## Task requirements
Starting with the line that has "75 Amazing Scar" in the records below and stopping after the line that has "Converse Green Chuck", output every line exactly and nothing else; skip pictures.
Segment Start: Given entries
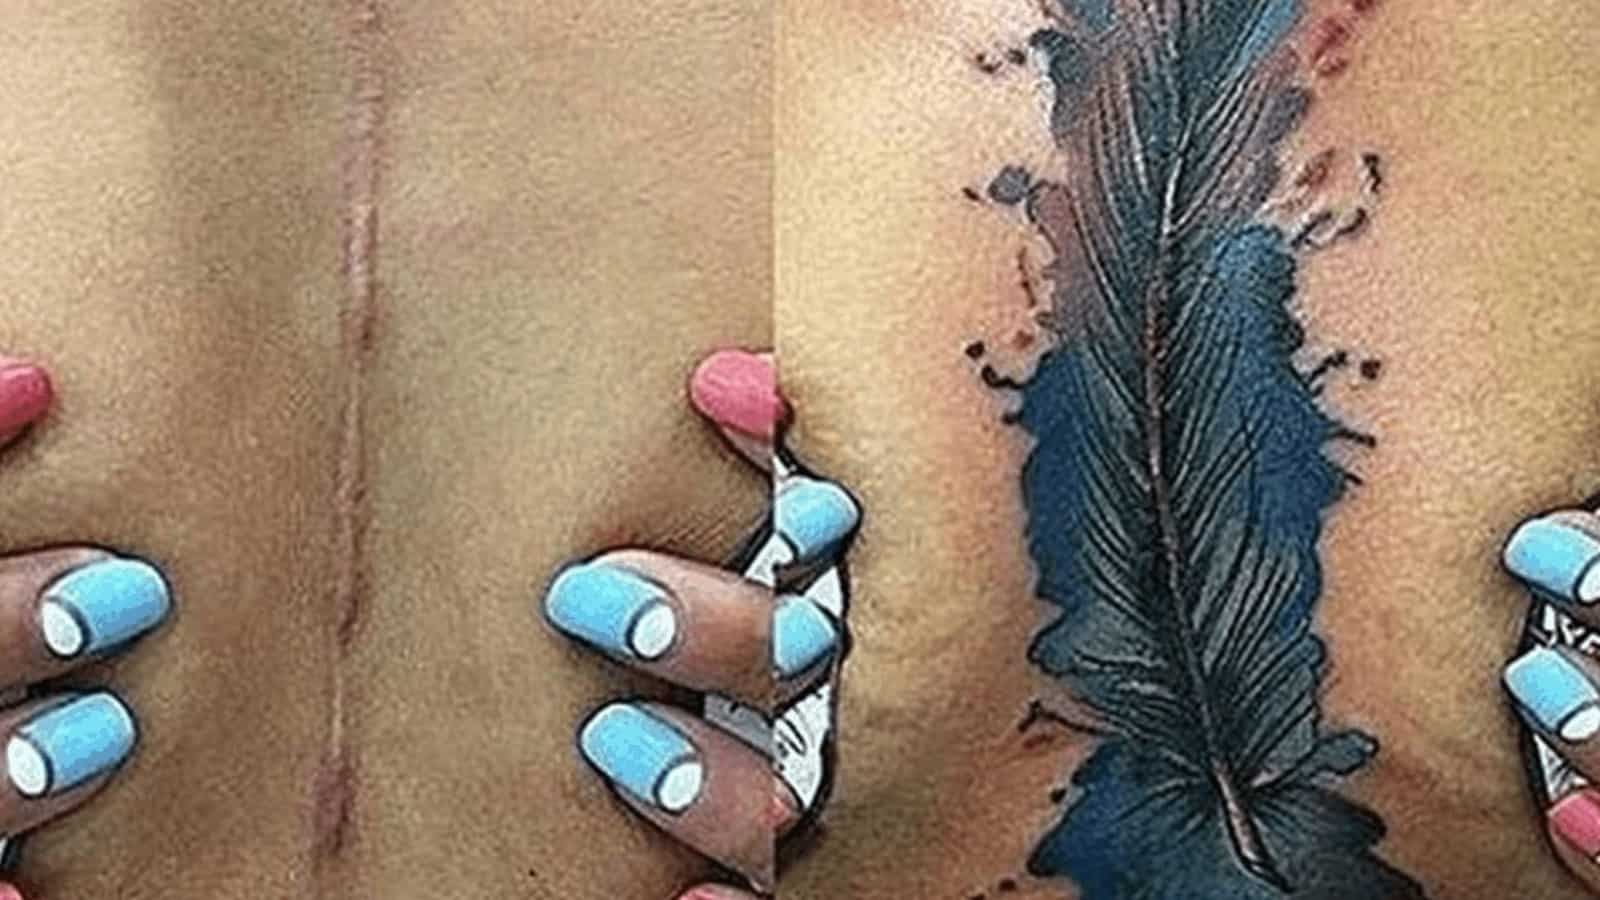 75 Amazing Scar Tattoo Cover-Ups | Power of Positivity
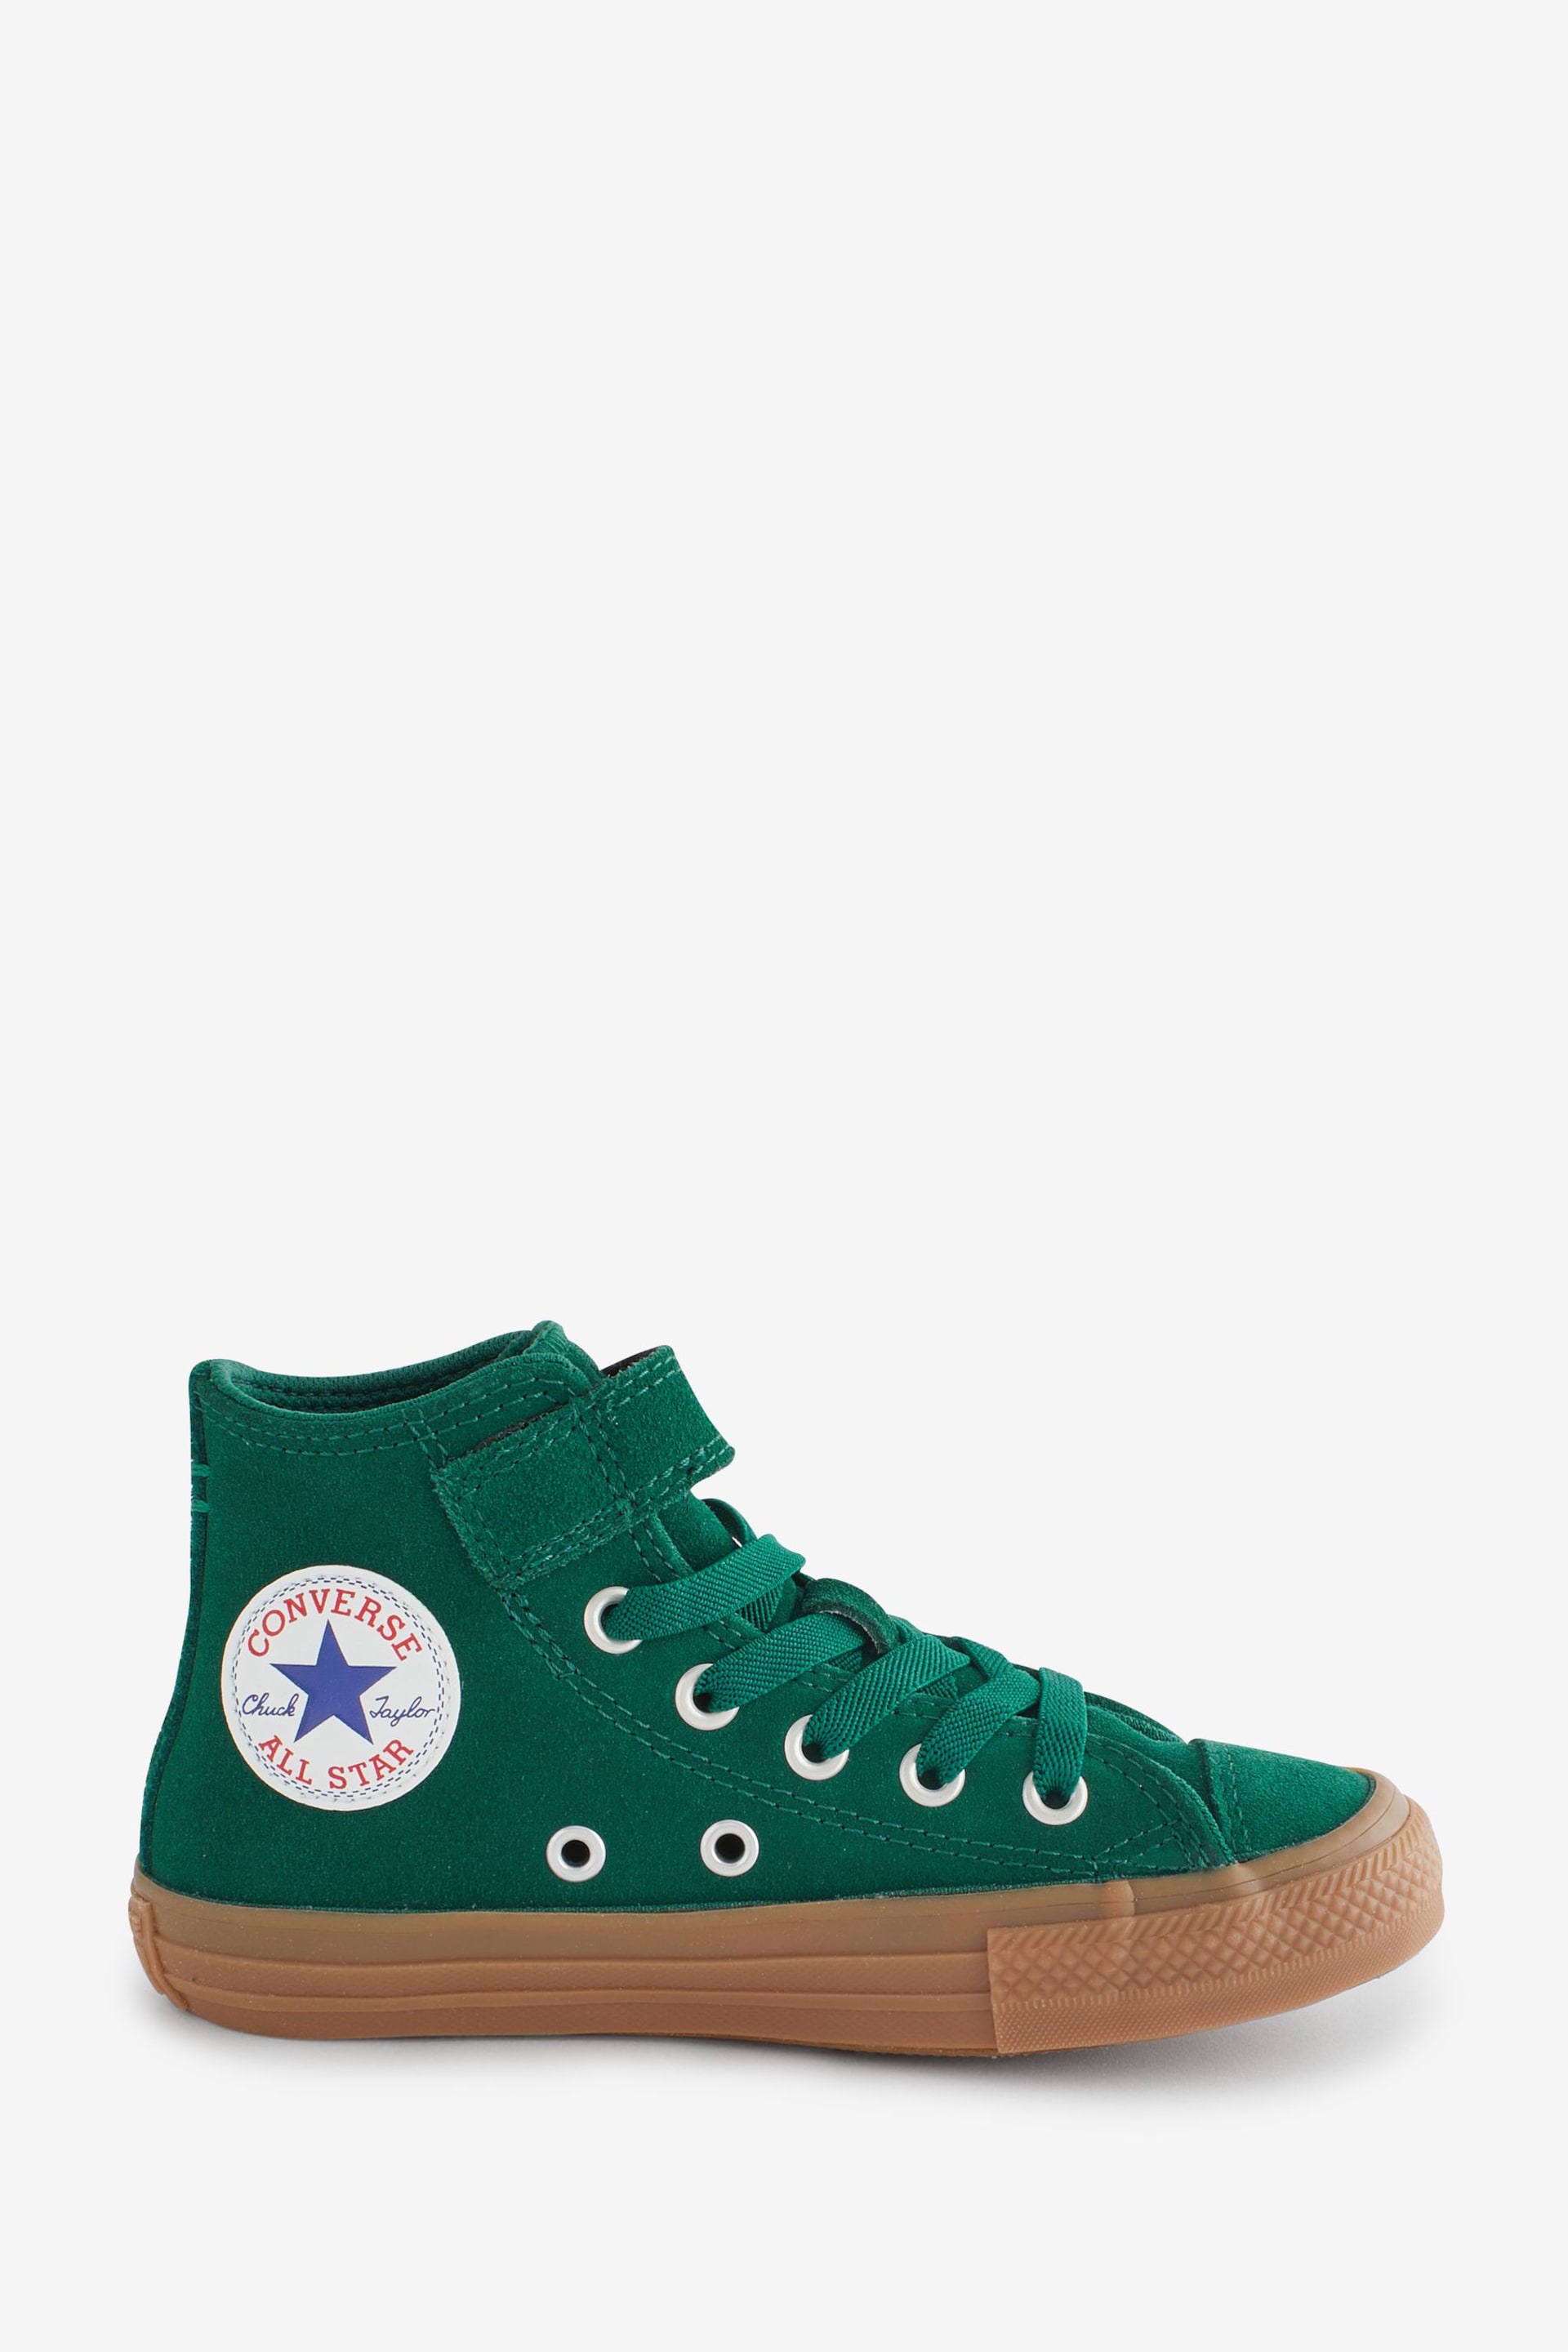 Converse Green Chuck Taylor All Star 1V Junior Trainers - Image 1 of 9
Segment End: Given entries
Segment Start: Given entries
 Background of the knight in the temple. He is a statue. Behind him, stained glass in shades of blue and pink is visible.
Segment End: Given entries
## Solution
 75 Amazing Scar Tattoo Cover-Ups | Power of Positivity
 Converse Green Chuck Taylor All Star 1V Junior Trainers - Image 1 of 9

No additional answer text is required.